Hello, this is my first post in this section and im sorry if my next question is constantly brought up in here, but...

Im thinking of getting myself a first frog, but have only started doing abit research about them so i only know the basics. 
Just wondering out of the two ive named which is the better to start with, regarding special requirements, size of housing, foods etc.

Any information would be appreciated!


----------



## RhianB87 (Oct 25, 2009)

MAB90 said:


> Hello, this is my first post in this section and im sorry if my next question is constantly brought up in here, but...
> 
> Im thinking of getting myself a first frog, but have only started doing abit research about them so i only know the basics.
> Just wondering out of the two ive named which is the better to start with, regarding special requirements, size of housing, foods etc.
> ...


 
I only keep horned frogs but I will admit they are bloody boring!!! I would prefer whites over these anyday due to their activity levels.


----------



## Ron Magpie (Oct 11, 2009)

Yeah. depends what you want: Horned frogs ('pacmans') are impressive, but just sit there most of the time, while White's are much more active- but mainly at night.
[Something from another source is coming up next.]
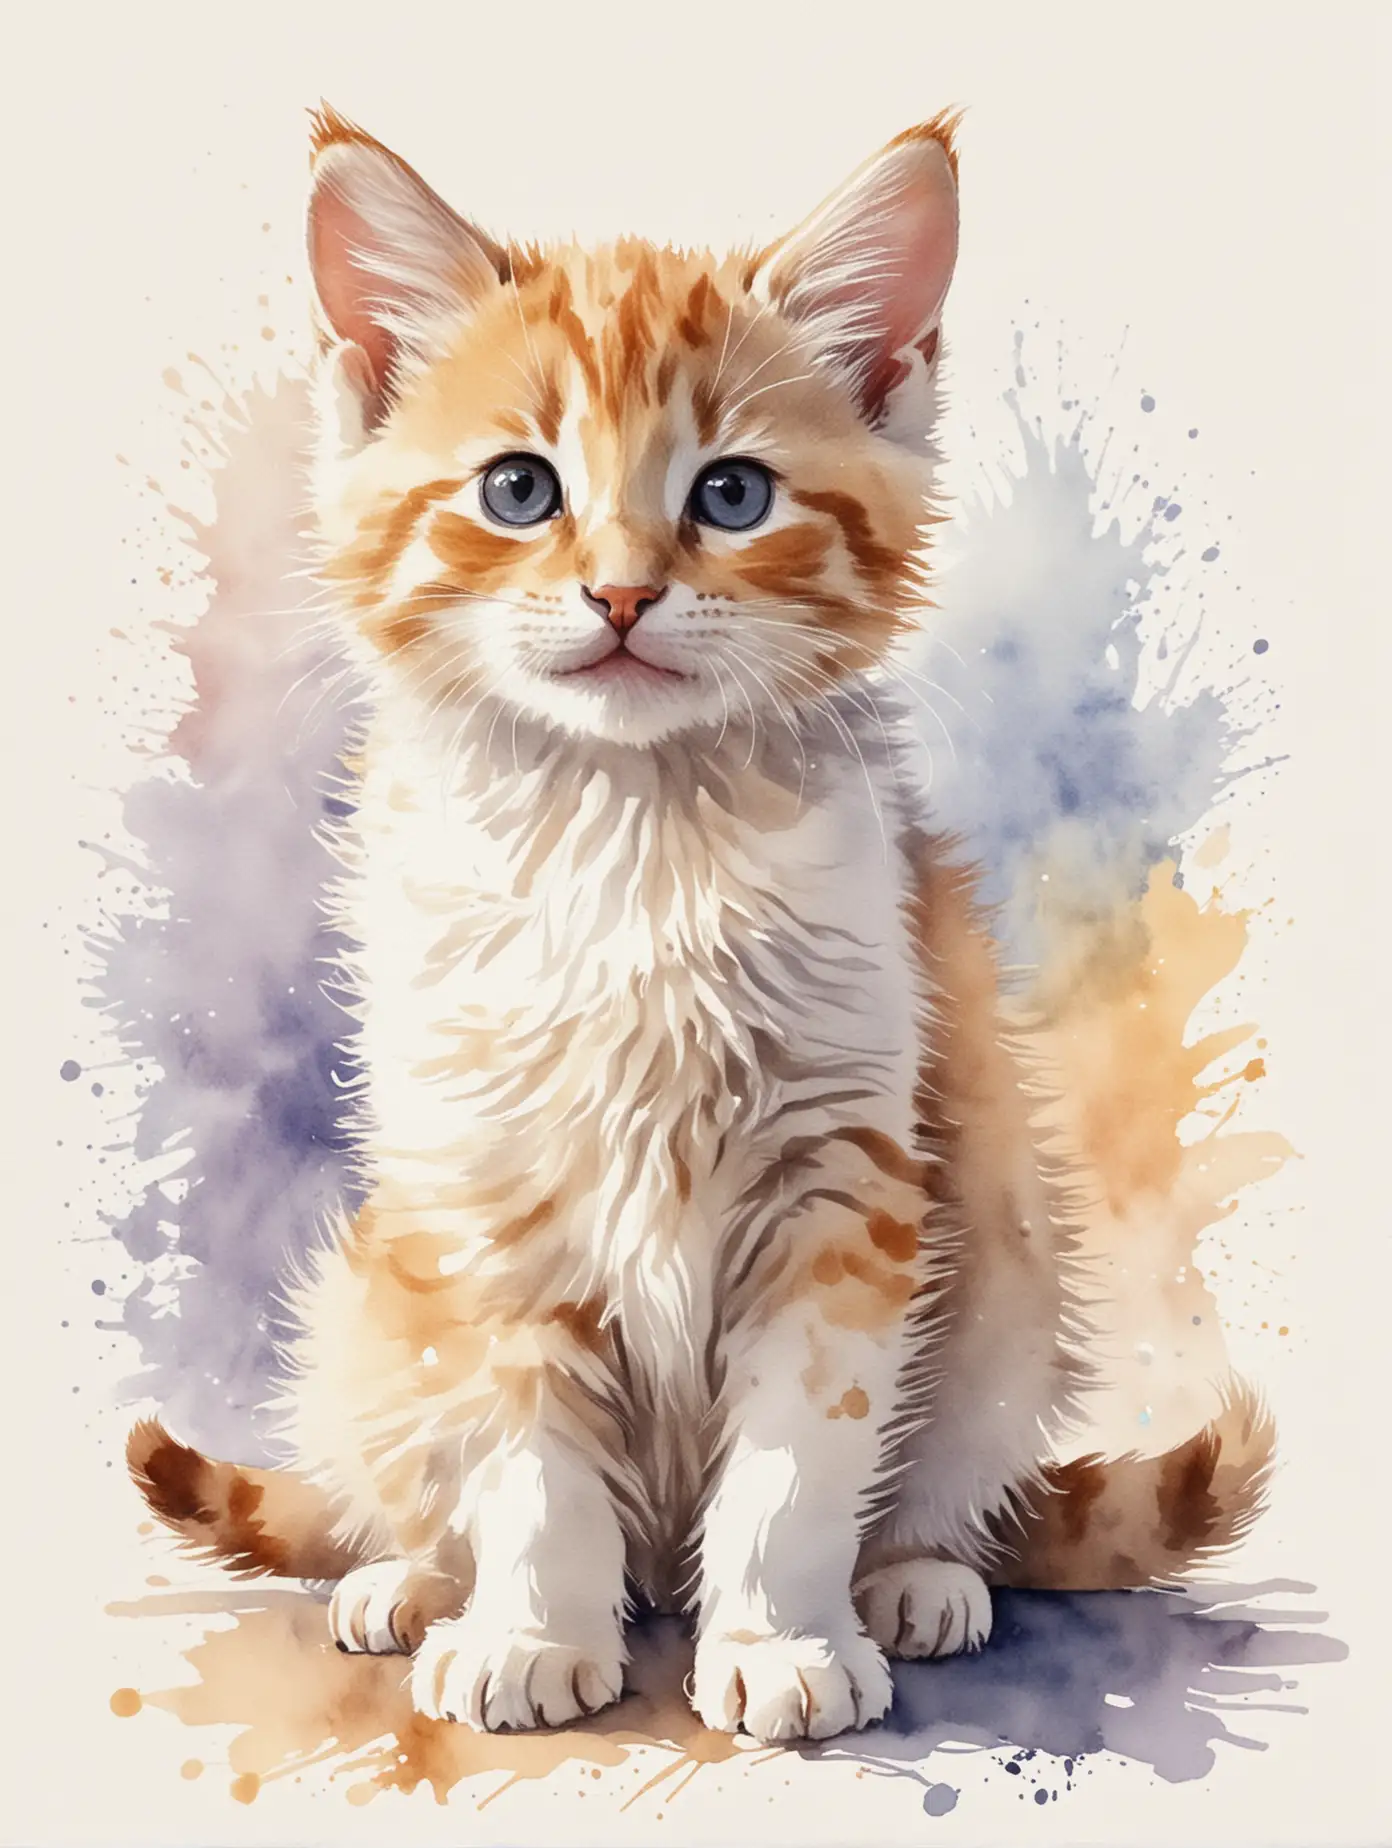 a happy kitten, sitting, watercolour style

Check this out: http://www.reptileforums.co.uk/forums/amphibians/529374-best-beginner-frog-species.html




And welcome to the section, BTW!:welcome:


----------



## Morgan Freeman (Jan 14, 2009)

White's by a country mile.


----------



## obrowell (Jan 8, 2010)

I agree with Morg 100%! no contest ... Whites all the way!


----------



## TIMOTHY AND MATILDA (Oct 31, 2008)

both :flrt::flrt::flrt::flrt::flrt:


----------



## MAB90 (Dec 27, 2010)

Thanks for the replys guys, im headed more towards the White's as i think they have abit more character 

Would an Exo Terra 30x30x45 arboreal be good enough for one White's or would i need the next arboreal tank size up?

I have pretty much everything else apart from a tank, calcium powder and the distilled water.


----------



## Morgan Freeman (Jan 14, 2009)

Definitely not. a 45 x 45 x 60 minimum.


----------



## MAB90 (Dec 27, 2010)

I shall order one of those then, if plans go ahead ill have pictures up of the setup which i plan on making before i purschase the frog. Going for a semi aquatic setup, thanks for the advice.


----------